= Kalands Brethren =

The Kalands Brethren (Kalandbrüder in German, Fratres Calendarii in Latin) were Catholic religious and charitable associations of priests and laymen. They held regular meetings for religious edification and instruction, and also to encourage works of charity and prayers for the dead.

Especially numerous in Northern and Central Germany, the Kaland confraternities spread to Denmark, Norway, Hungary, and France. They began in the early thirteenth century, flourished in the fourteenth and fifteenth centuries, and were largely abolished in the Reformation.

==History==
Clergy from different deaneries in Germany traditionally met on the first day of each month (the Calends, hence Kalands). After the thirteenth century, these meetings developed in many cases into special, organized societies to which both priests and the laity, men and women, belonged.
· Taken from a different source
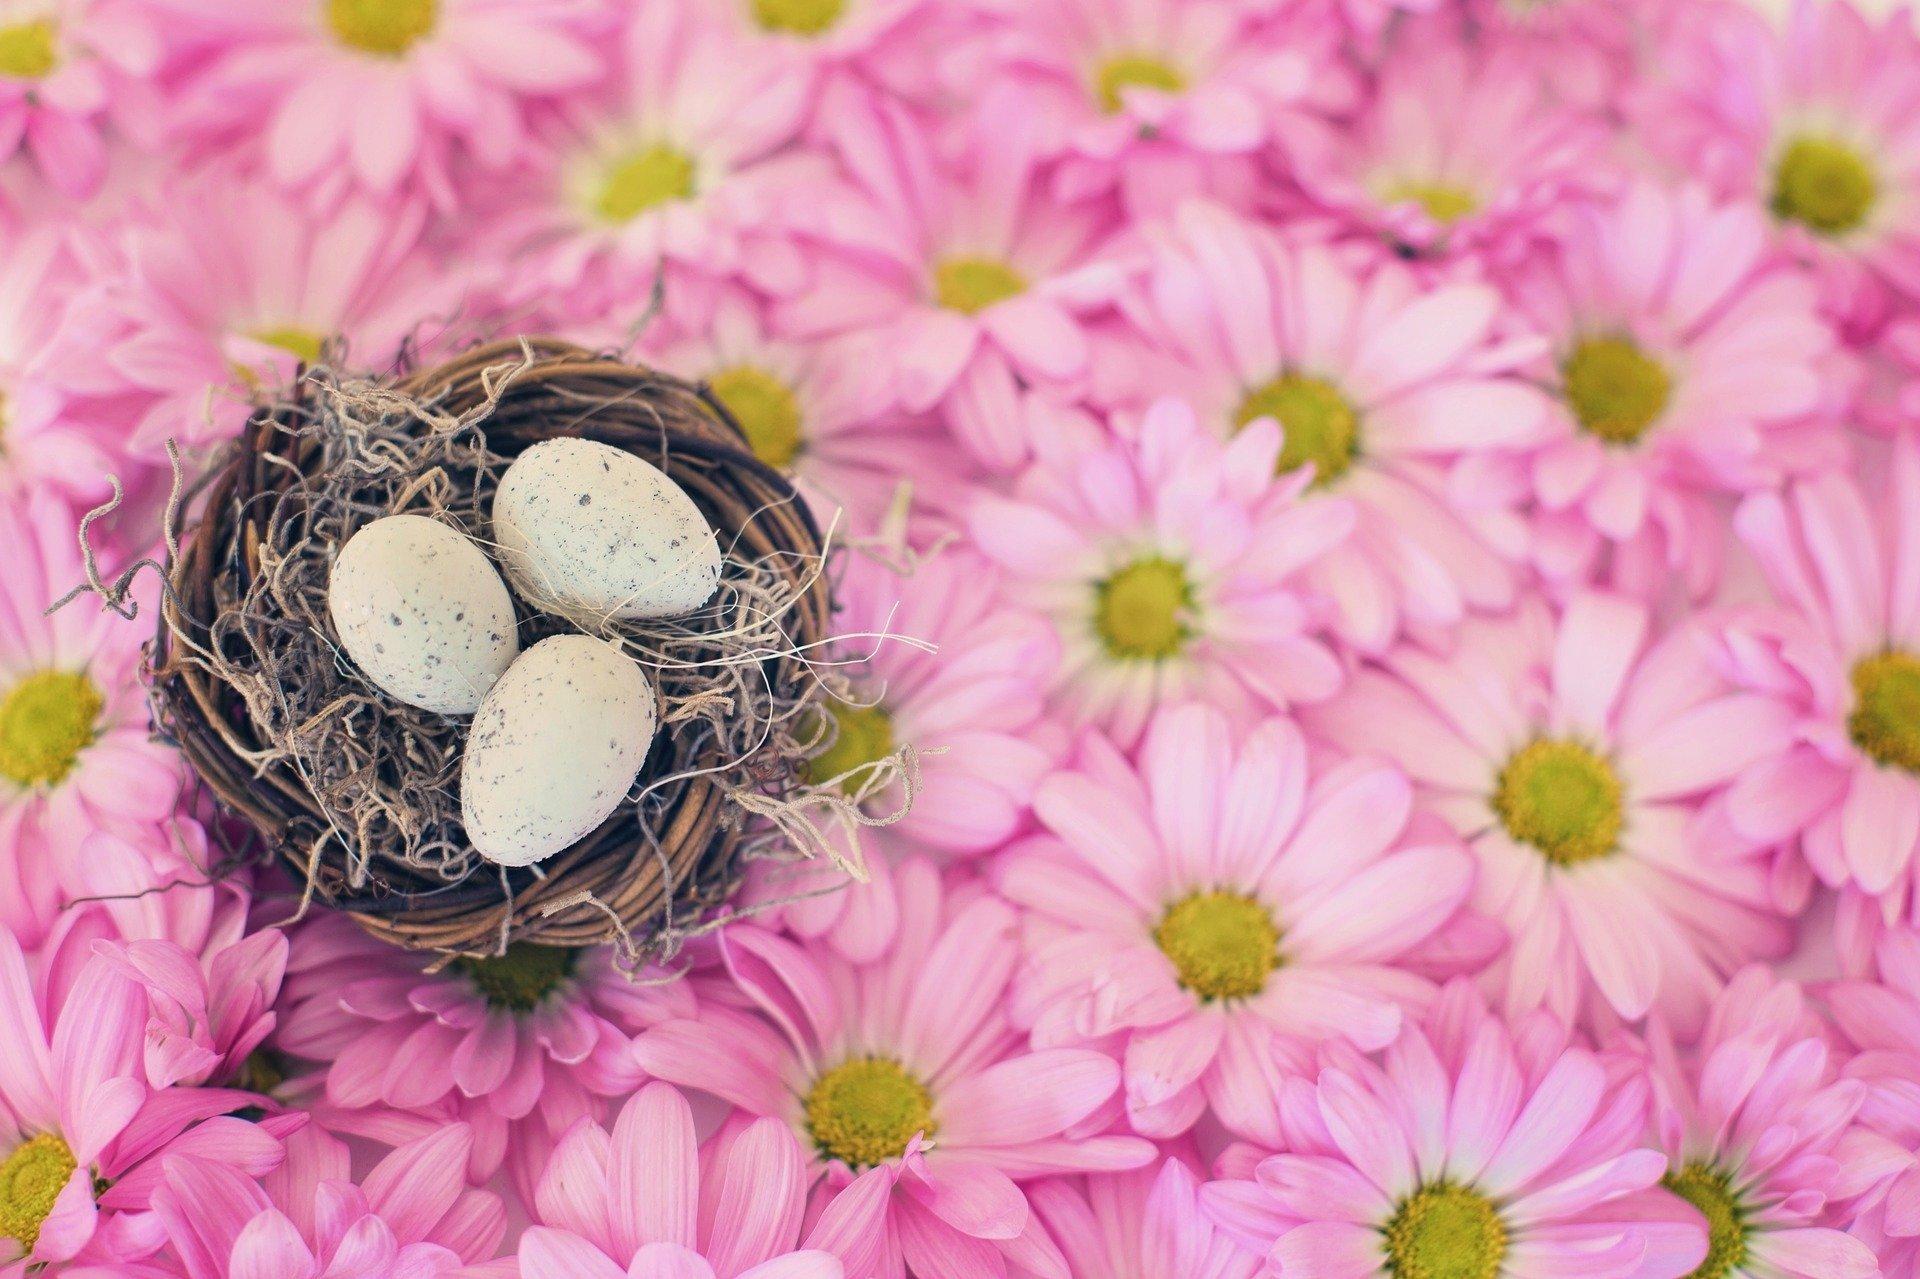 życzenia wielkanocne dla dzieci. Wiersze i piosenki na Wielkanoc

Statutes regulated the conduct of the society, its reunions, the duties of the directors in promoting the religious life and Christian discipline, the services to be held, the administration of funds, and their application to charitable purposes. A dean was the head of each association, and a treasurer administered the revenues. The associations were encouraged by the bishops, who assigned them particular churches or at least special altars. The offering of prayers and masses for deceased members was especially fostered.

The oldest known Kaland confraternity is that of Ottbergen near Höxter (in Westphalia) in 1226. The Kalands flourished in the fourteenth and fifteenth centuries, but later decayed. The Catholic Encyclopedia describes the introduction of a "banquet" at meetings, leading to "revels" and "abuses". In the sixteenth century the Reformation led to the dissolution of the majority; the rest gradually disappeared, only one being now known to exist, that of Münster in Westphalia.